◆ Exercise objective ◆
Beneath this instruction is a block of data; output from it exactly the lines that run from the one containing "Image with three" through the one containing "(a.k.a. PRODUCT-SUM METH", inclusive.

◆ Given records ◆
□ □ □ □ □

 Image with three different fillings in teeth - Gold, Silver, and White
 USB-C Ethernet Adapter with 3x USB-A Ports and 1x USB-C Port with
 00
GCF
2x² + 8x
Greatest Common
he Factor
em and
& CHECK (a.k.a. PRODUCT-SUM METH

□ □ □ □ □

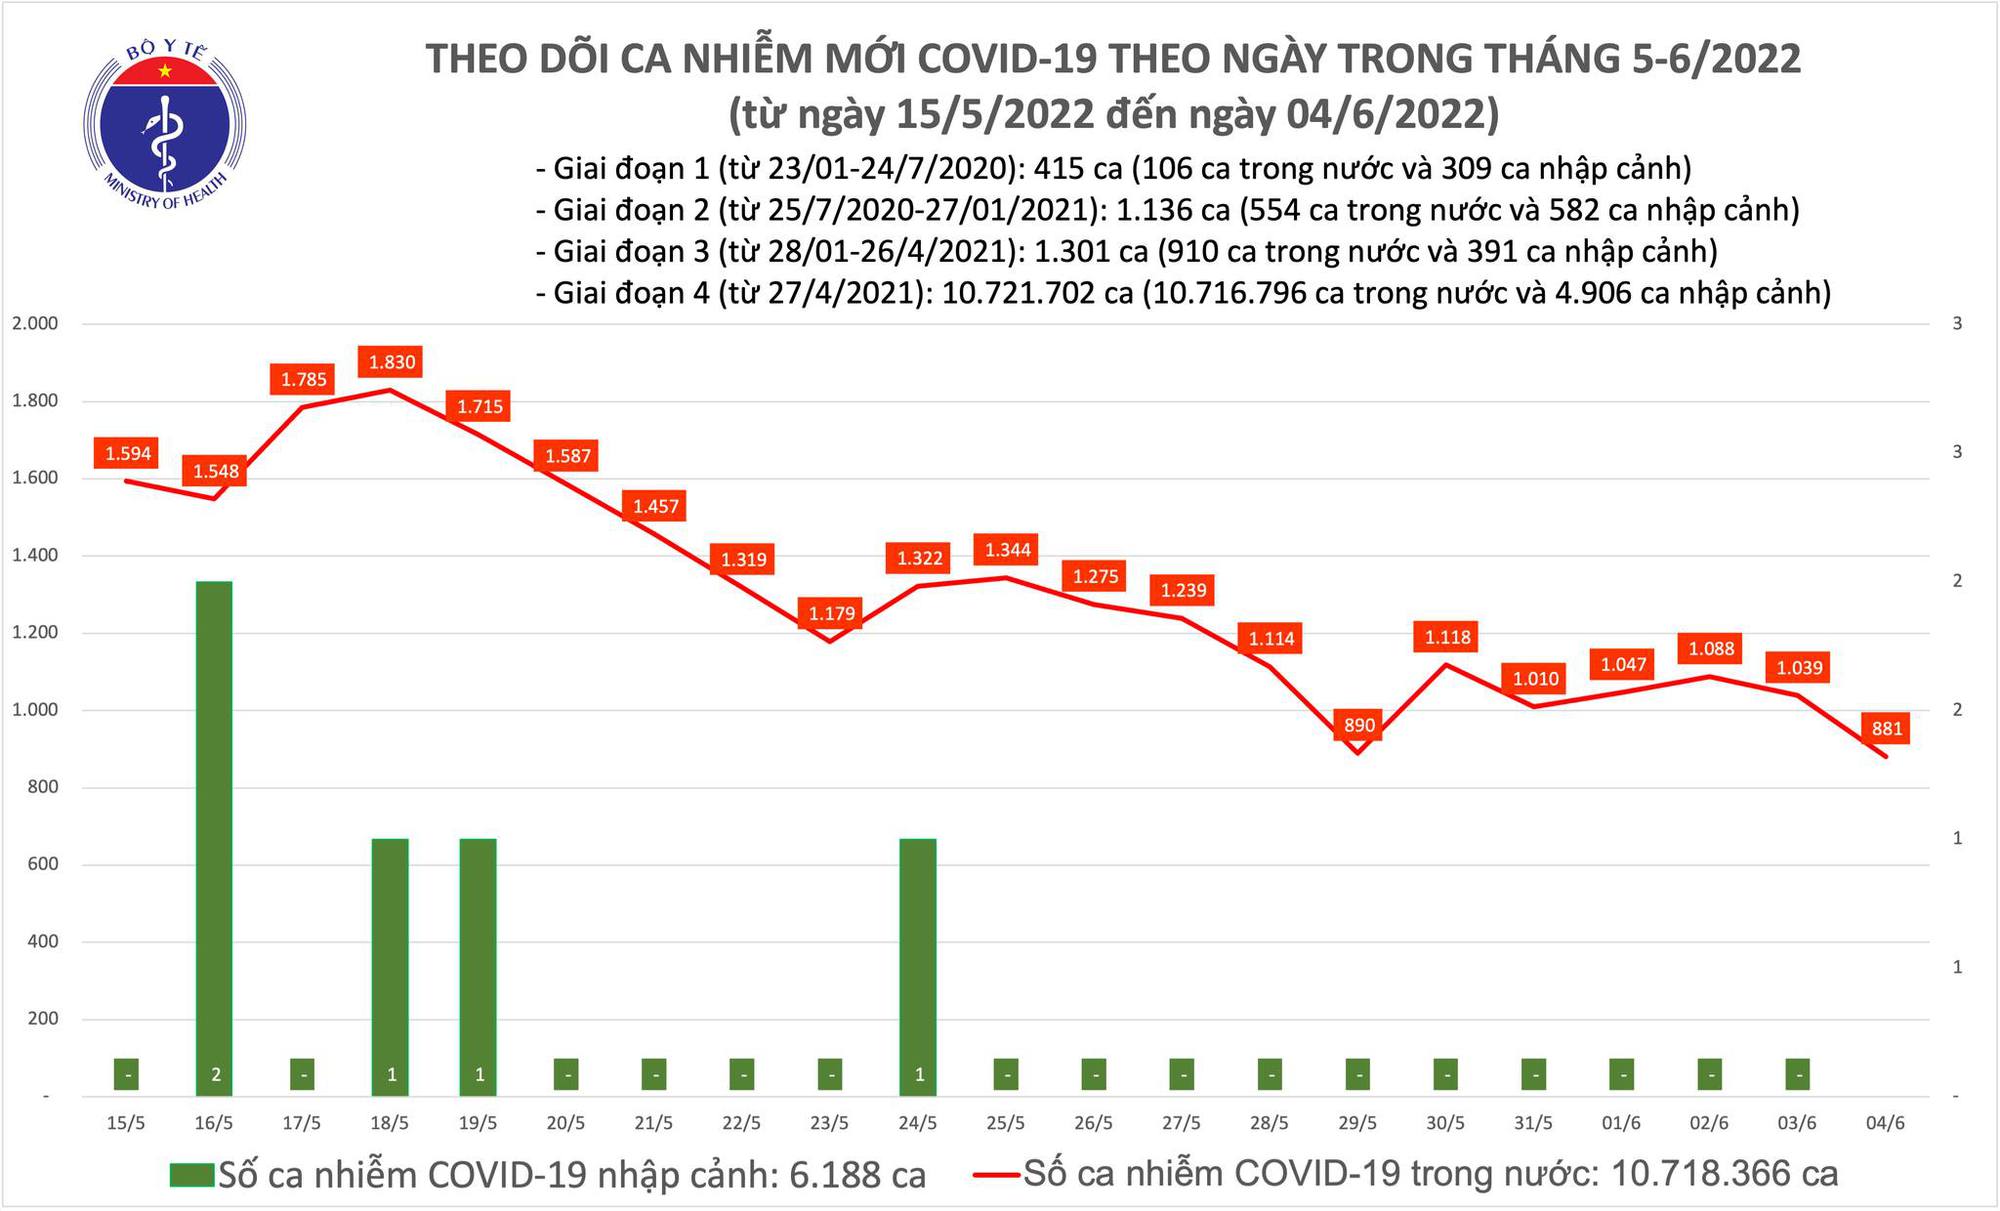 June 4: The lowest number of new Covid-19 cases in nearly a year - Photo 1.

□ □ □ □ □

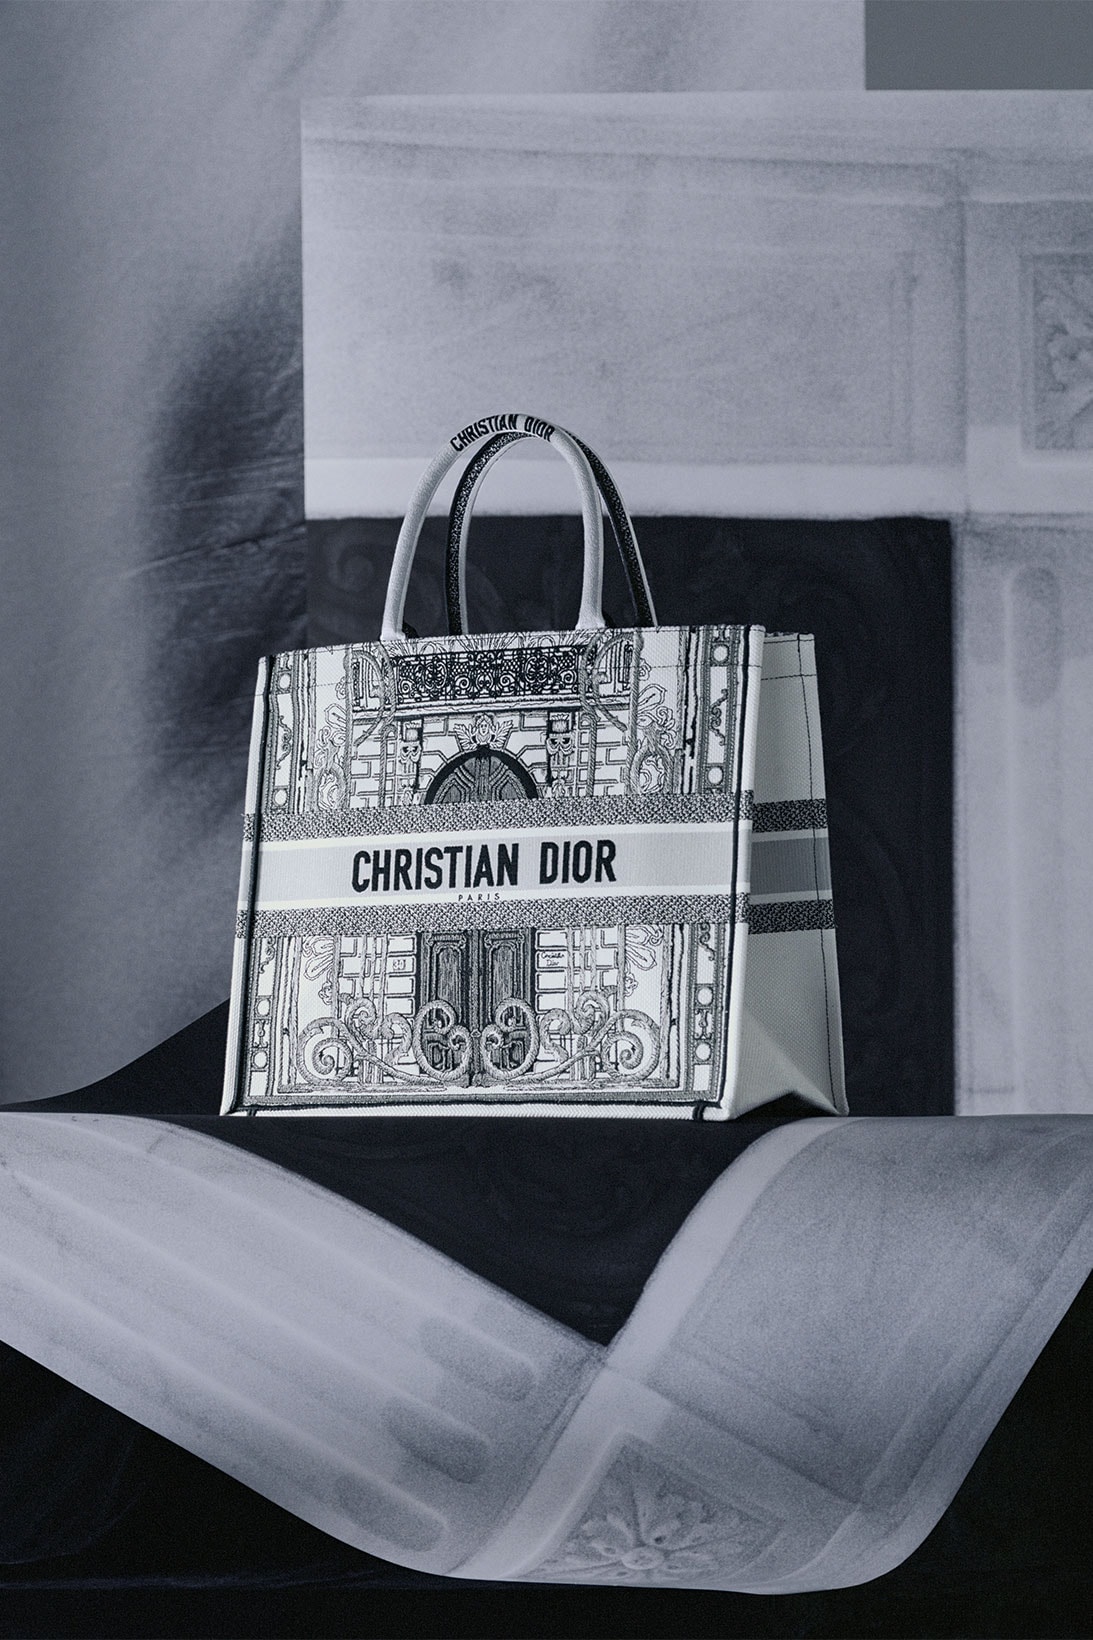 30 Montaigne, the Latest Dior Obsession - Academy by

□ □ □ □ □

◆ Solution for this exercise ◆
 Image with three different fillings in teeth - Gold, Silver, and White
 USB-C Ethernet Adapter with 3x USB-A Ports and 1x USB-C Port with
 00
GCF
2x² + 8x
Greatest Common
he Factor
em and
& CHECK (a.k.a. PRODUCT-SUM METH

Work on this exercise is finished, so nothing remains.